Golpe de estado: Venezuela 1992

Había decidido aprender algo más que la piscología, entre más conocimiento tuviera un mejor aporte a la sociedad daría o eso es lo que solía decirme mi madre de pequeño; durante mi carrera tome la determinación de hacer una maestría en Ciencias sociales, el querer generar una conciencia sobre una política democrática, era mi meta. En el año 1989 me mude e instale en un pequeño departamento en el estado de Miranda, donde la cercanía a la universidad, era algo fantástica, asumiendo que no soy de las personas que le gusta perder el tiempo.

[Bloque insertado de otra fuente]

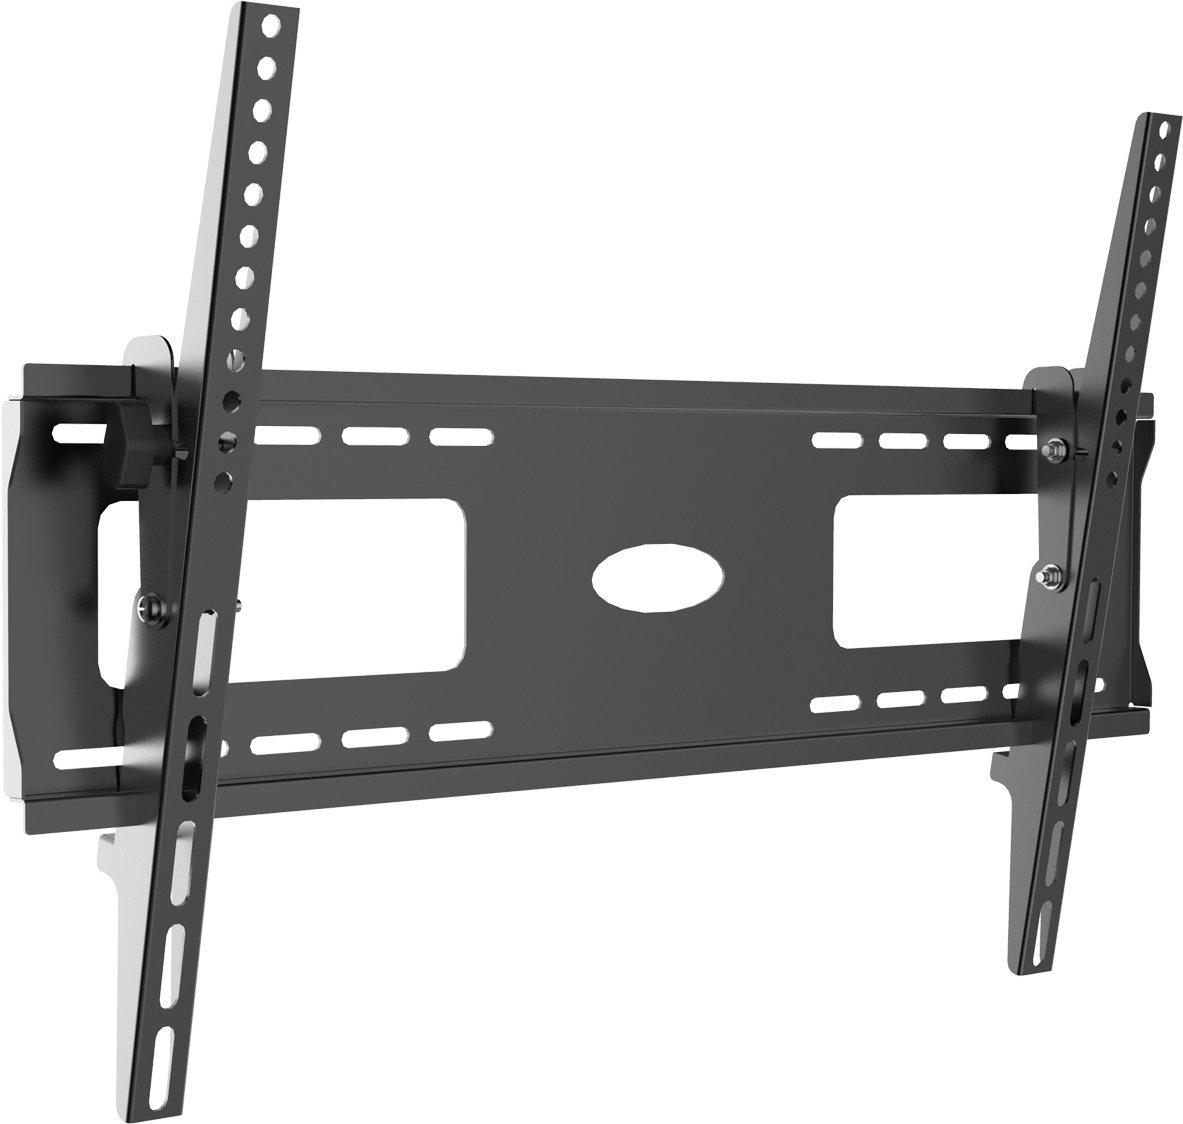 Stealth Mounts Tilting Tv Bracket For Up To 70 Tvs Main Image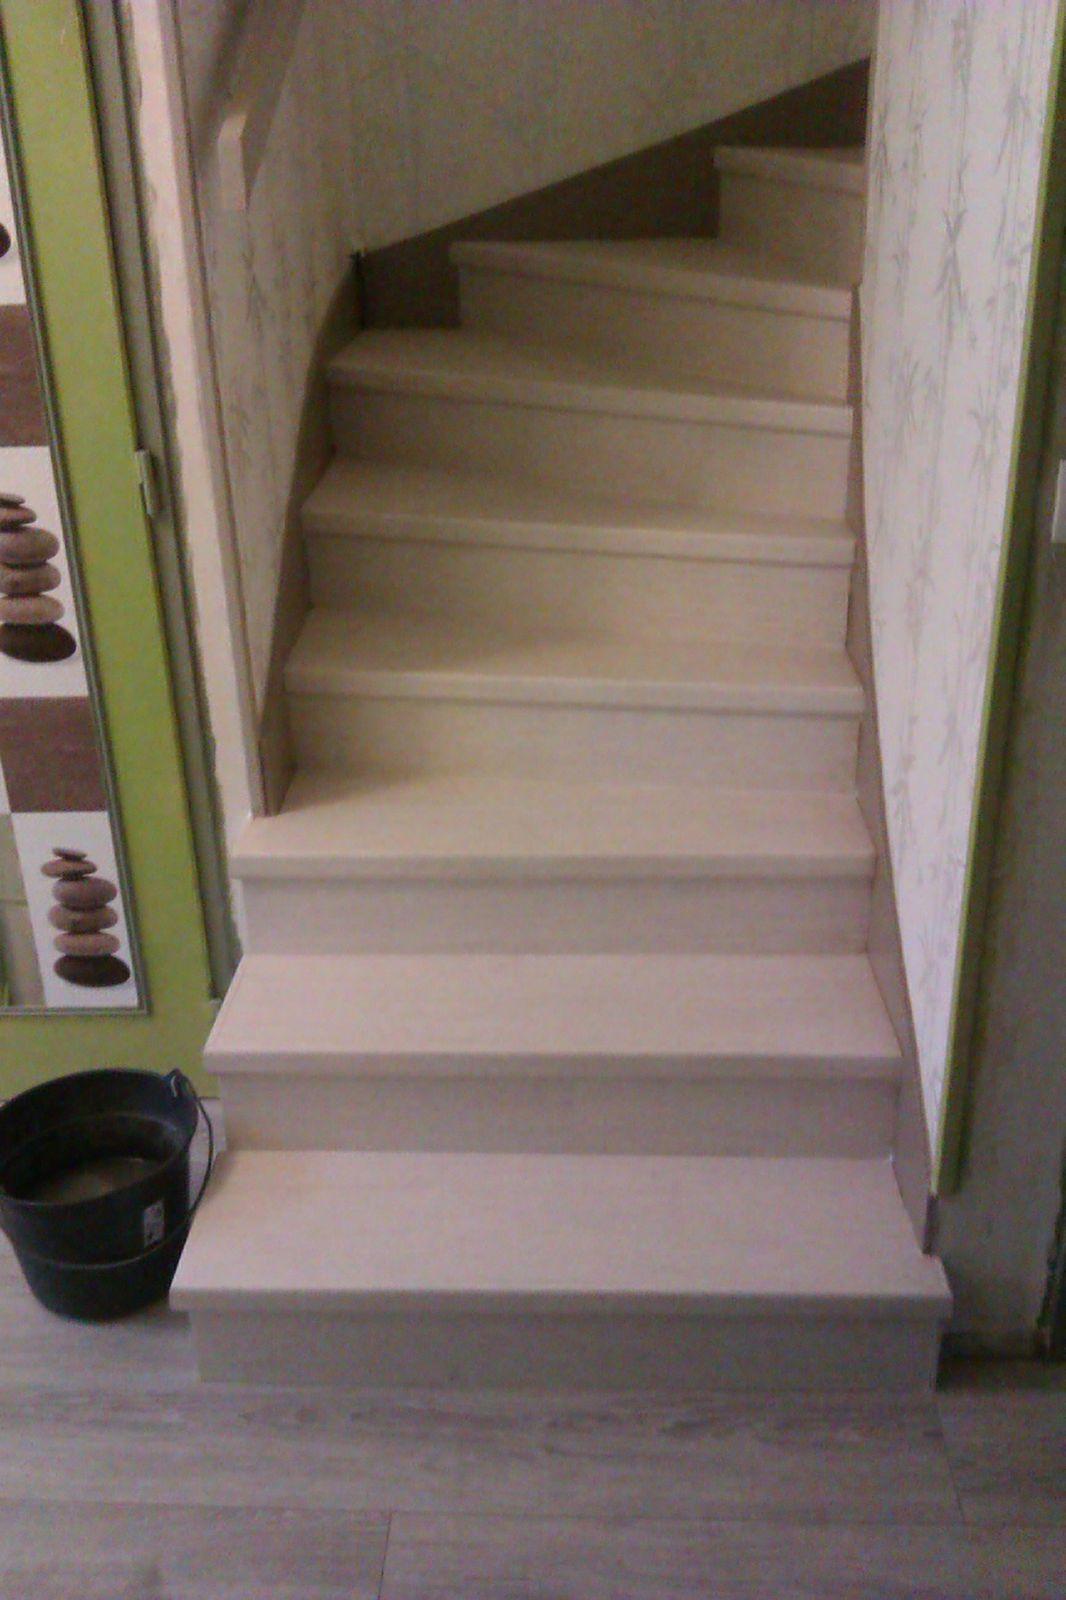 habillage escalier br menuiserie With habillage escalier parquet

Como buen psicólogo y tomando en cuenta las enseñanzas de todos mis maestros, cree un pequeño análisis de quienes serían las personas adecuadas para formar un grupo de trabajo, encontrando entre ellas el personaje que más marco mi vida: El señor Hugo Rafael Chávez Frías. Quien, a pesar de tener un léxico amplio, su ideología poseía pocos argumentos. Entre varias conversaciones que tuvimos le enseñe como llamar la atención completa de un público, además, le aconseje enriquecer sus conocimientos con más documentación política. Un detalle que no pensé mucho, pero que resulto siendo una prueba mortal mucho tiempo después.

Un tema que marco mucho el conocimiento sobre la política durante la maestría fue el Caracazo y sus causas, de las cuales la más polémica fue: "la economía venezolana cayó a partir del endeudamiento que generó el país después del "boom" petrolero en los años 70", ya que no era bien visto desde el punto de todos, además que nos vimos seriamente afectados por las constantes protestas y saqueos. ¡Ya no se podía vivir con tranquilidad!

Para mediados de 1990 Hugo y yo nos volvimos excelentes colegas, además que su forma de comunicarse se volvió más fluida y encantadora, ¡Sin duda siguió cada uno de mis consejos! Aunque, algo de todo eso no me dejaba tranquilo, era como si una aguja picara constantemente mi consciencia. Antes de finalizar con la maestría, Hugo se fue sin presentar su tesis, decía que eso solo era perder el tiempo y que lo que realmente importaba era lo que se mantenía en su mente; y yo como una persona pensante no me deje influenciar, por lo cual termine mis estudios sin retrasos ni complicaciones, entregando de manera impecable mi tesis.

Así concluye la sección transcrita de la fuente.